Elder Care
Elder Care
Elder Care
Elder Care Continuum is a terminology that is widely used but least practiced in India.
During a recent conversation with my physician friend at Auckland, NZ, we discussed the case of an elderly
patient being discharged from the hospital post his TKR procedure. The discharge process included the
participation of the treating surgeon, supervising nurse, physician, the caseworker attached to the patient &
the family member. Post discussions & inputs from all (included the field visit by the caseworker to the home
of the elderly), it was decided & approved to move the patient to the transition facility for a time period
before moving him to his own residence. The caseworker was assigned the responsibility to report progress
to the group during the period. This instance clearly demonstrated the existence of a system that guided the
patient into a type of health setting relevant to the patient to ensure successful outcome (in this case speedy
recovery & reduced chances of readmission).
Care Continuum
By definition, elder Care Continuum is a concept involving a system that guides and tracks elder patients over
time through a comprehensive array of elder care services spanning all levels and intensity of care. There are
two important elements to this definition, (i) Different health settings & (ii) Care Supervision &
documentation.
Different Health Settings: During the lifetime of the elderly, they may have to be exposed to various health
settings covering both short & long stays which includes elder residence/senior living facility, hospital,
nursing home, transition care facility, palliative & hospice, memory care center & psychiatry unit. Each one of
these facilities is designed to meet certain specific purposes. The attached image depicts these various
settings.
Care Supervision: This is a critical piece of the care continuum process. Normally it is advised that the family
doctor/physician plays this role who understands the individual, his health conditions & his family well.
Care Supervision: The concept of family physician which seemed to have been prevalent a few decades ago
in India seem to be becoming extinct now. Traditionally this role has been played by the family members as
well which of course is on the decline due to the change in the social fabric where we have seen a shift to the
nuclear family concept. Technology has not played any role in achieving effective supervision as well. In fact,
we have seen tech models, such as doctor discovery platforms or online consult models, being
counterproductive in this situation wherein any person can directly choose a super-specialist as the first
touchpoint which is against the recommended principles.

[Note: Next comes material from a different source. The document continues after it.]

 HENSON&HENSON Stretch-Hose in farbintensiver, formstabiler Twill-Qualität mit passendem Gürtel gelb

Human Resources: We have a handful of medical colleges in India producing less than a dozen of
geriatricians annually many of whom relocate to countries outside India leaving a void in India. There are few
fellowship & diploma programs that have been introduced but are insufficient. In addition, institutions to
produce paramedics, counsellors etc. to deal with eldercare are also insufficient.

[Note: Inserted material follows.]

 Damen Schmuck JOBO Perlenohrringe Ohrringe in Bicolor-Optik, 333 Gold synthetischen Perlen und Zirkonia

Cost & Financing: Ayushman Bharat launched under the National Health Protection Mission provides cover
for the underprivileged but lack of different health setting environment is a dampener. While the population
covered by formal insurance is very low in India, even for those covered by insurance they cannot access
these specialized care facilities owing to the absence of coverage. Thus, most of these elders have to rely on
out of pocket spend (OOP).
Government Policies: The Economic Survey of India, 2019 dealt extensively on the growing elder population
in India & placed its recommendations. The finance budget which followed this submission seems to have
totally ignored this important area. Geriatric population seem to be a neglected subject in the GoI agenda.
Opportunities
Many of these challenges pose an opportunity for entrepreneurs, care professionals, educationists, insurance
companies & activists. These opportunities range from setting up & operating specialized health settings,
establishing training curriculum, newer financing & insurance products and most importantly working with
the local government institutions in PPP models.
Conclusion
Elder Care Continuum is a terminology that is widely used but least practised in India. With the elderly
population to touch 24 crores by 2040, we do not have a road map as a country to deal with this and there is
an urgent need for the GoI to take this seriously and work expeditiously. In addition, we have a responsibility
to work with the governments, pursue these through various industry bodies/forum, use the opportunity to
innovate and commercially benefit as well.